§ **SUPPLIED MATERIAL**
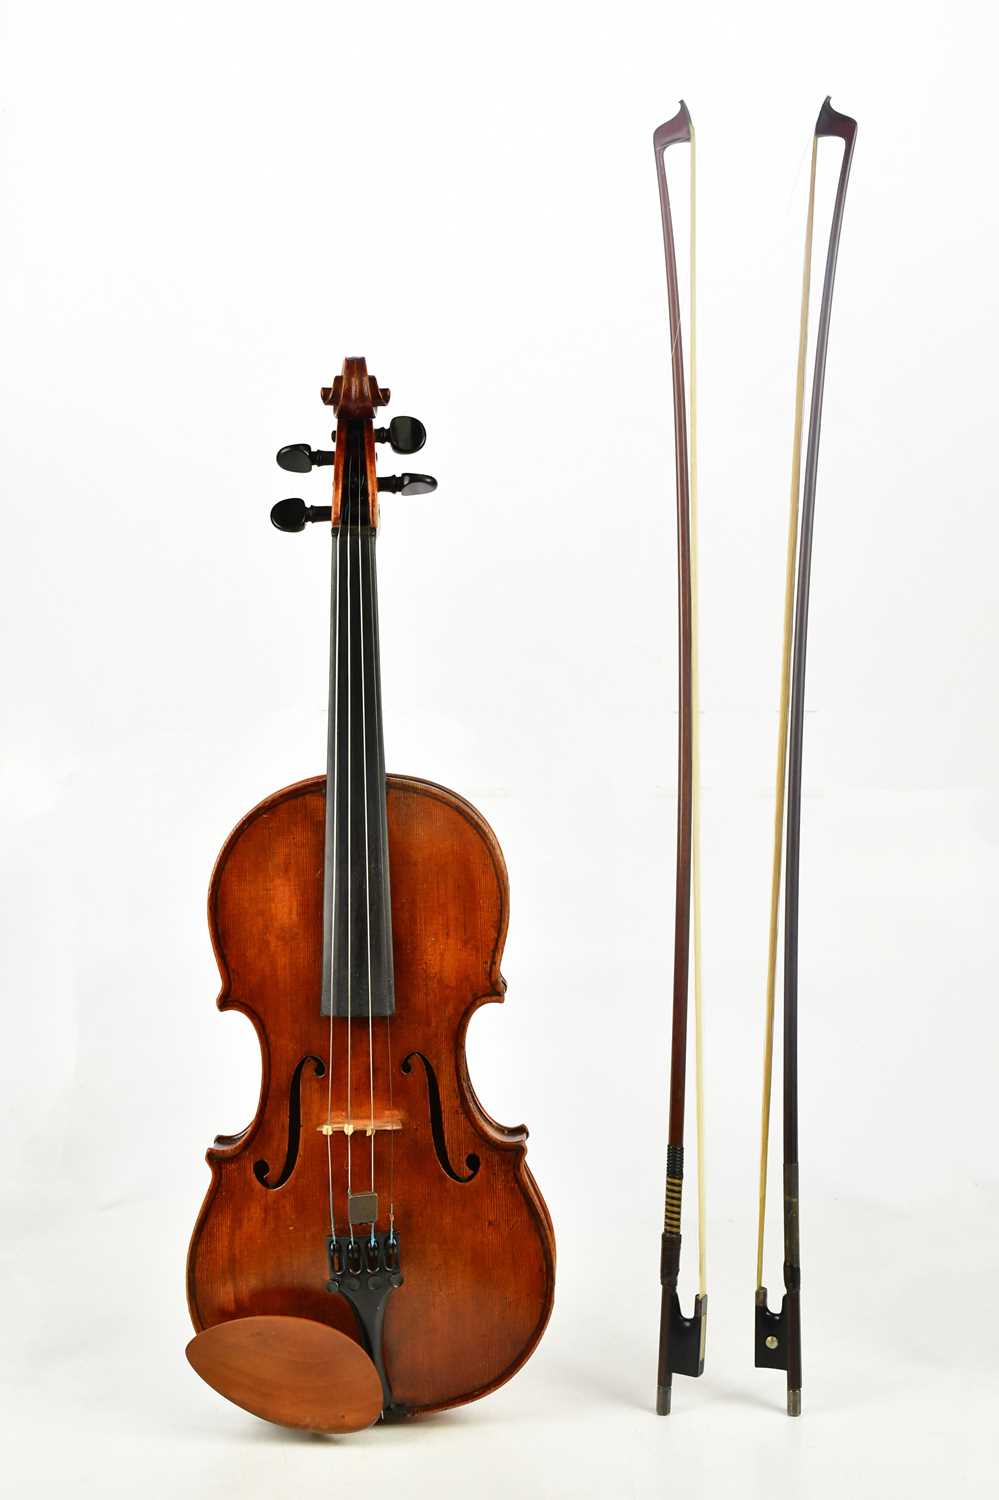 JAMES HARDIE & SONS; a full size Scottish violin with two-piece back and interior label 'Made by
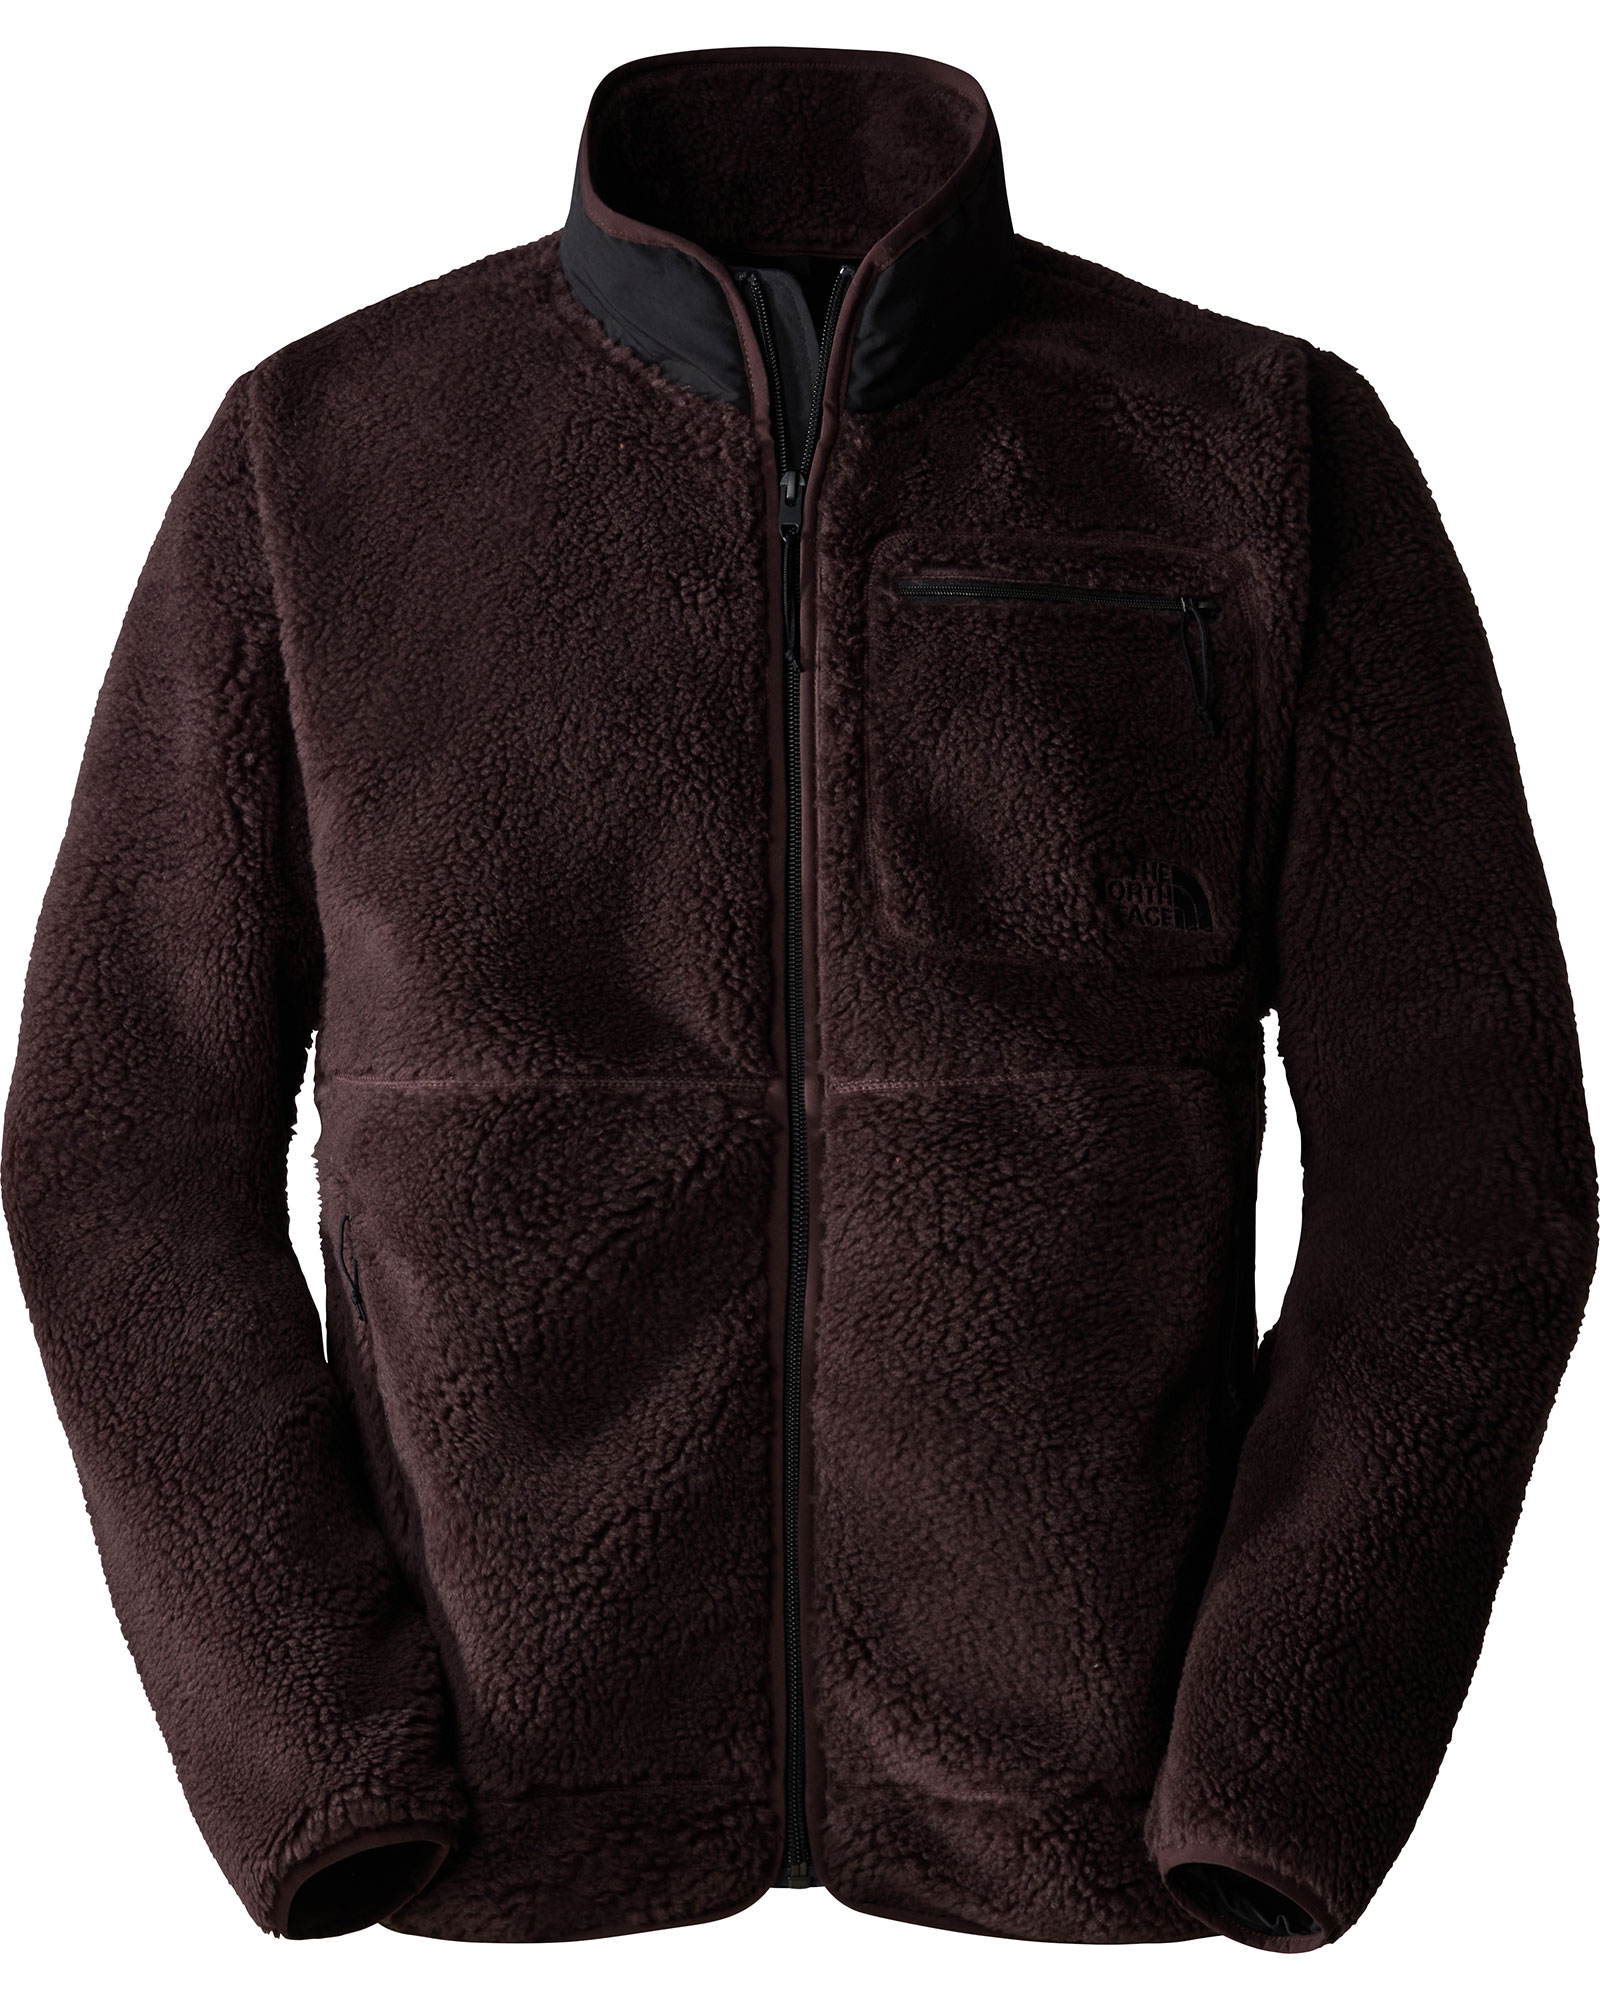 The North Face Men’s Extreme Pile Full Zip Jacket - Coal Brown L
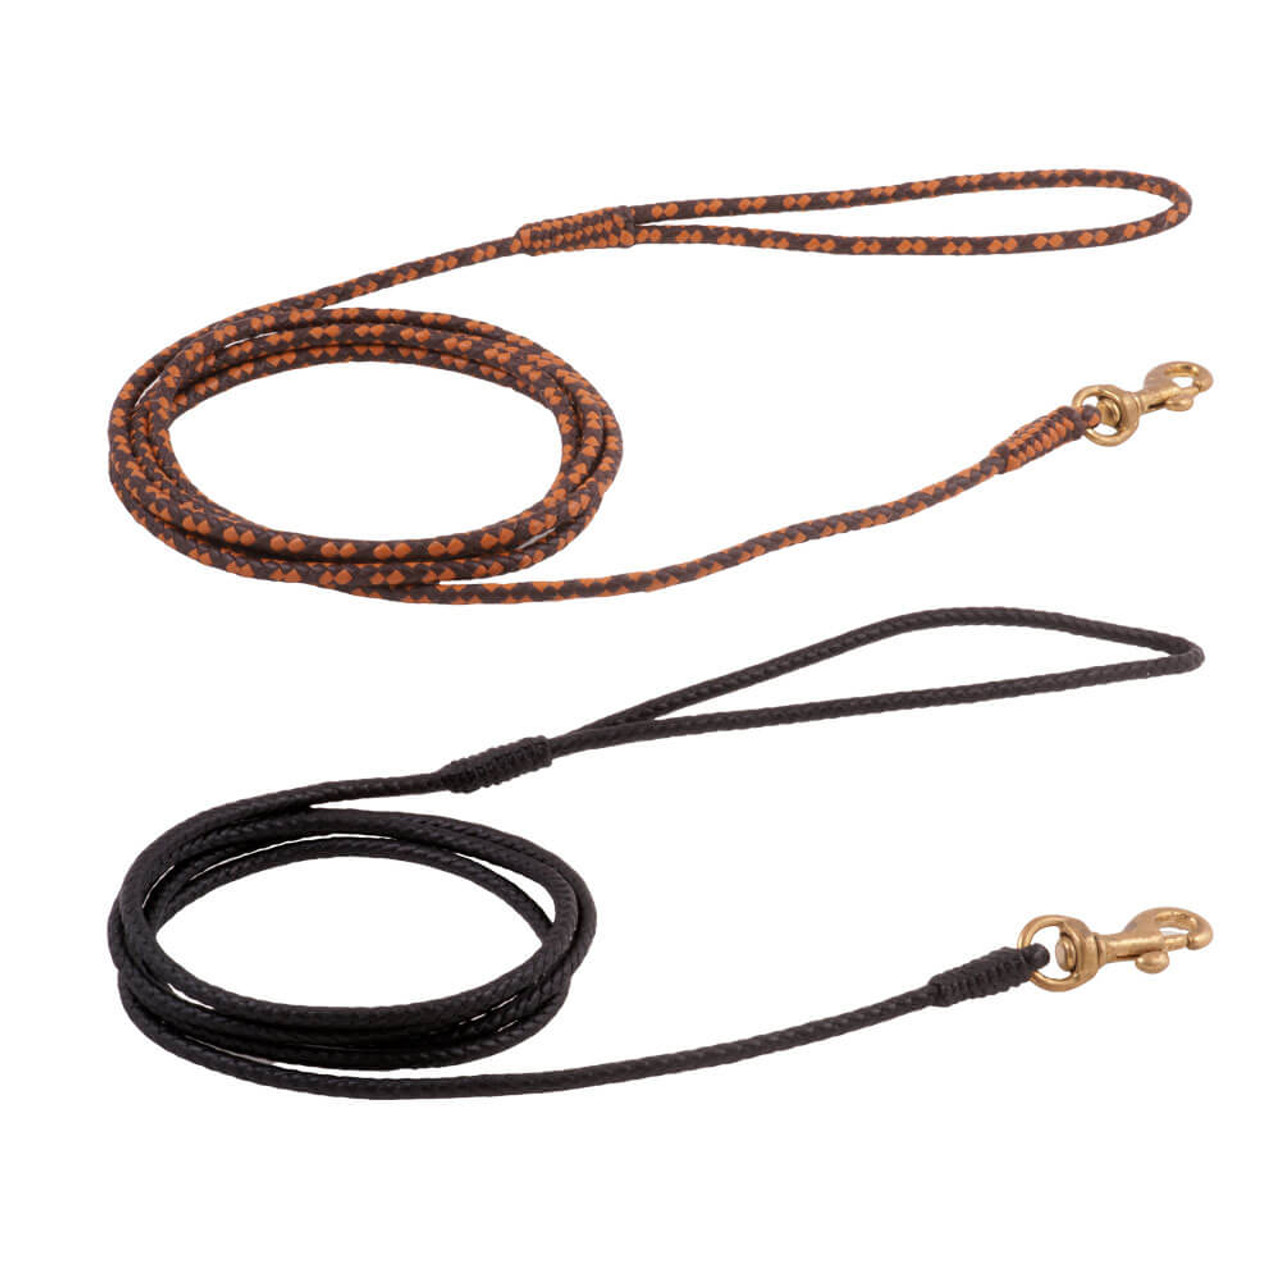 Alvalley Braided Leather Snap Lead

§ **YOUR GOAL**
Please reproduce only the lines from the one holding "The North Face" through the final line of the listing above, both included, with each picture left out.

§ **ANSWER TO THE EXERCISE**
 The North Face Men’s Extreme Pile Full Zip Jacket - Coal Brown L
 Alvalley Braided Leather Snap Lead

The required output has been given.